Anyway it brought up some questions:
(a) one of curiosity; the magnetics are on the main board & the connector on the breakout; is that a requirement signal-wise? I usually use a RJ45 connector with embedded magnetics and LEDs to save on space and complexity...
(b) SPISEL is pulled up (it's also /INT); however, that will select SPI mode rather than parallel mode - shouldn't it be pulled low? (which requires it to not be directly connected to the Mac's IRQs that are active-low!).
(c) I don't understand the (probably WiP) programming of the GAL w.r.t DSACK, see below

When reading from the '020/'030 (and I suspect the '000 is similar), the data are latched by the processor at the falling edge following the assertion of DSACK. To ensure this works, there's a timing requirements #31 on "DSACK» Asserted to Data-In Valid", which is 50ns @ 16 MHz for the '020 (43/28 at 20/25 for the '030). However, for the ENC424J600, the timing is "TPSP2 RD, EN, BxSEL to Data Valid — — 75 ns [min/typ/max]".
I don't see how that's achievable with just combinatorial GALs. BxSEL will be driven one GAL delay after ETH_CS, which is fine, but then the chip will take up to 75ns to put the correct data on the bus after that. That's too slow for any '020/'030, even if that's probably fine for a 8 Mhz 68000 (where the similar #31 "DTACK Asserted to Data-In Valid" is 90ns see below). So for me, DSACK has to be delayed somehow, rather than the current combinatorial I see in the code. As the ENC424J600 doesn't have a 'data ready' signal (which would have made everyone's life easier!), that probably means waiting for a number of clock cycles, such as from the CLKOUT signal of the ENC424J600 (as the CPU clock my vary depending on the specific Mac and presence of an overclock or accelerator).

.. speaking of the 68000, I don't see a connection to DTACK on the SE version? Isn't DTACK required to be asserted by devices? I see in the readme you delegate that to the BBU, which will also take care of the timing on the SE.
 

halkyardo

Well-known member
(a) one of curiosity; the magnetics are on the main board & the connector on the breakout; is that a requirement signal-wise?
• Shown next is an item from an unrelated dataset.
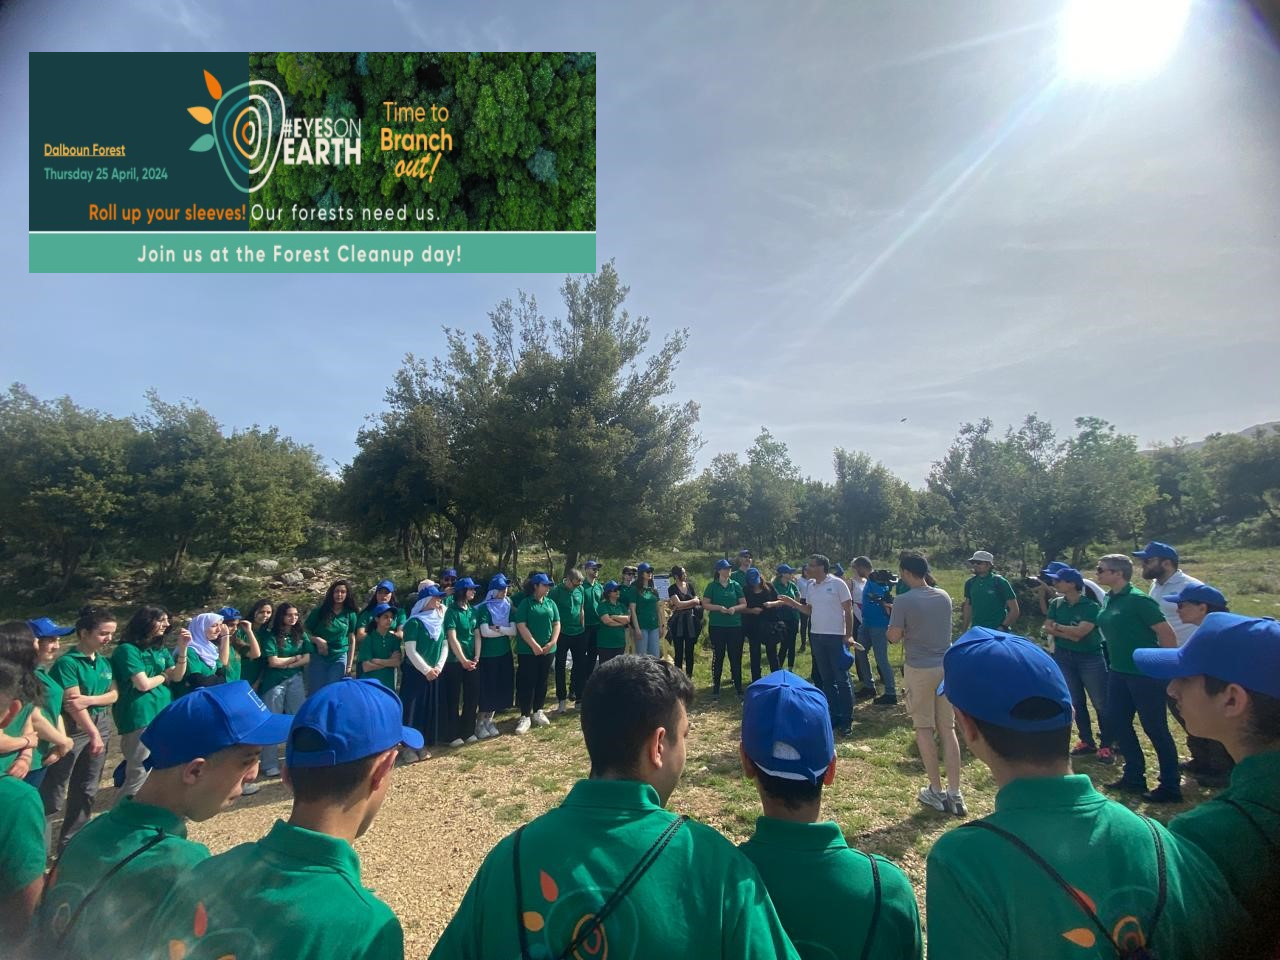 Bulgarian Embassy in Beirut participated in a one-day project aimed at awareness raising for minors related to their responsibility for saving the environment at a local level.

I usually use a RJ45 connector with embedded magnetics and LEDs to save on space and complexity...

All the vertical integrated jacks I could find looked like they were going to be a tight fit through the case opening, so I thought I'd play it safe and go for separate magnetics. As far as putting them on the main board vs. the breakout... mostly an arbitrary decision. Either way, taking the signals off-board before or after the magnetics goes against all the ethernet layout best practices that I can find, and possibly the ethernet spec itself.
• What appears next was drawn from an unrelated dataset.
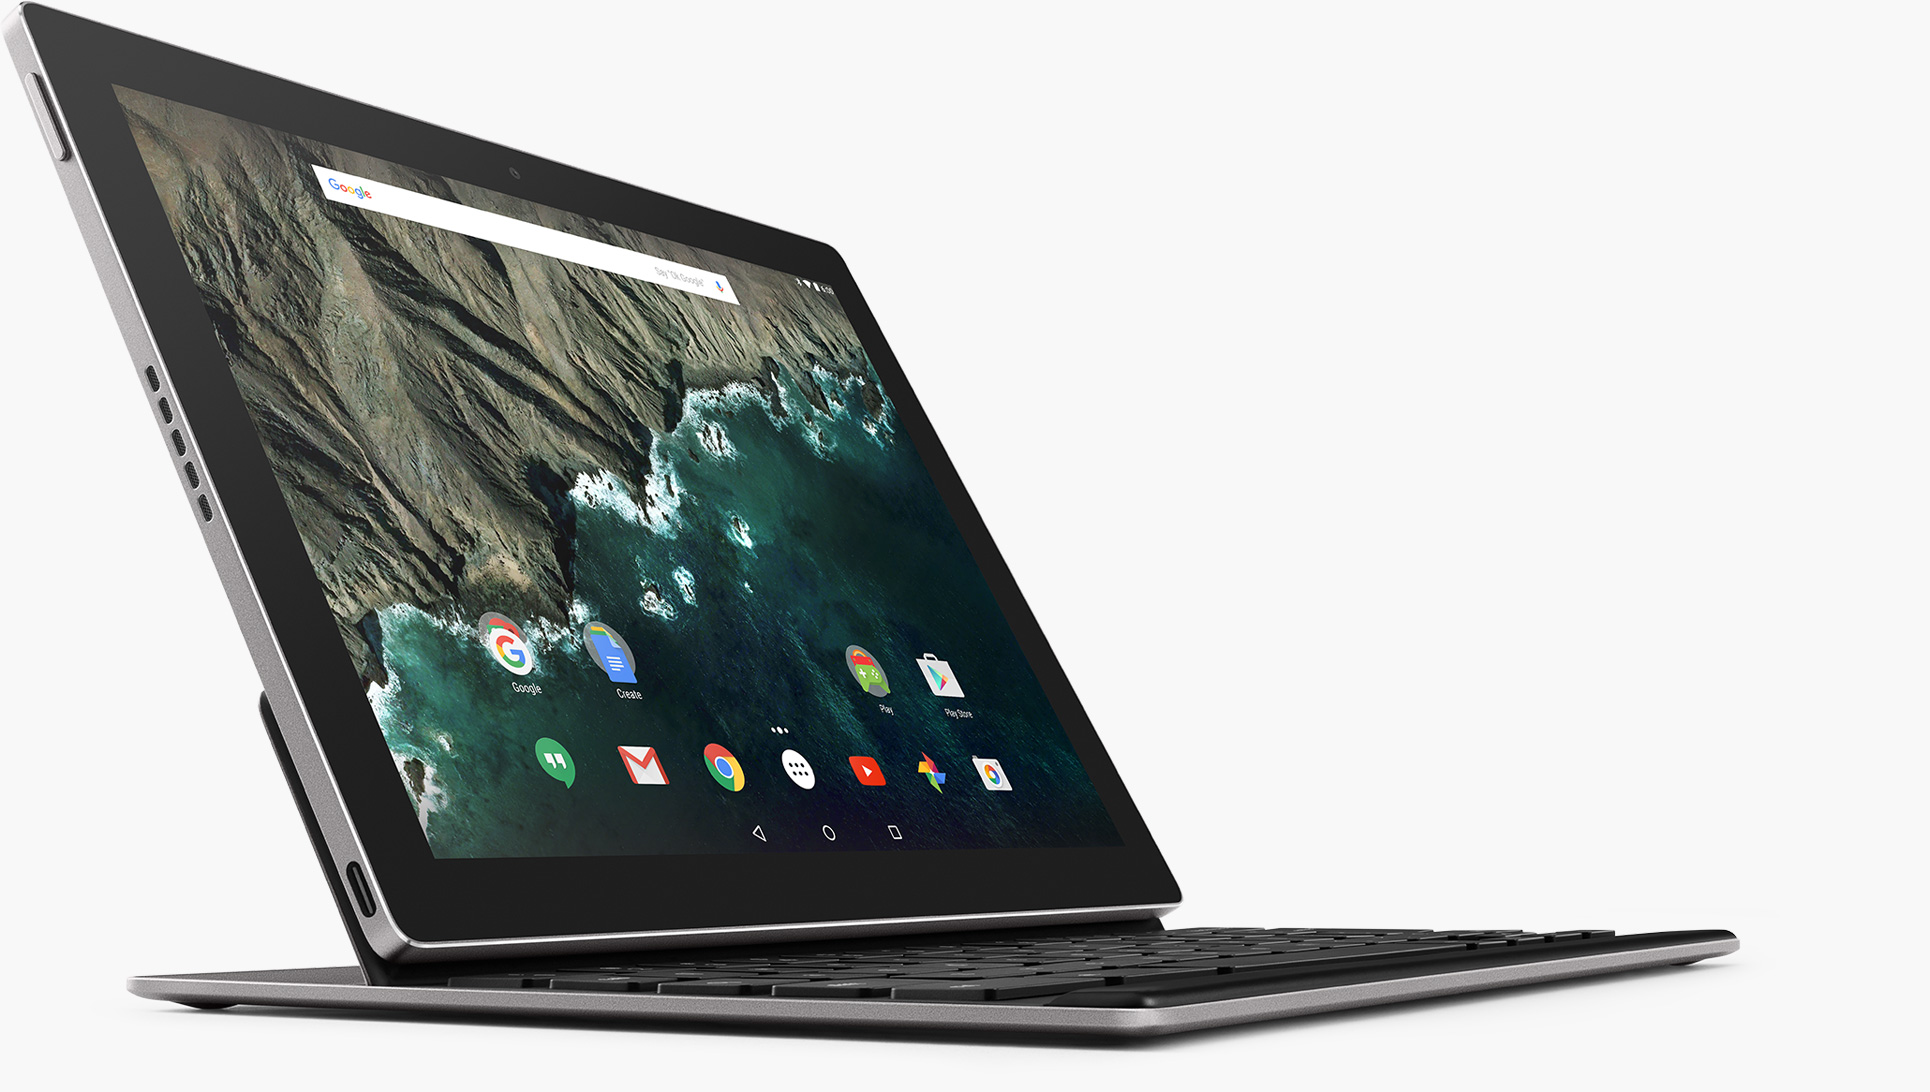 Google Pixel C is a flagship Android tablet

Having the magnetics on the main board might help deal with any common-mode noise picked up by the cable to the breakout board, but I suspect it's probably not significant enough to really worry about. Having said that, all the PDS ethernet cards I've examined have common-mode chokes on their internal AUI connection to the breakout board.
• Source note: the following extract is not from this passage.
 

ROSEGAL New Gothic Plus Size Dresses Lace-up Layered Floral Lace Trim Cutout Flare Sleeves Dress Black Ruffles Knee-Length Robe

(b) SPISEL is pulled up (it's also /INT); however, that will select SPI mode rather than parallel mode - shouldn't it be pulled low? (which requires it to not be directly connected to the Mac's IRQs that are active-low!).

All I can really say about that is "oops!" The perils of doing all this stuff late at night when I'm tired.

The ENC24J600's interrupt output is push-pull (except during power-on where it's read as SPISEL), so if it's weakly pulled down it's still usable as an interrupt pin, but that was a rather silly mistake!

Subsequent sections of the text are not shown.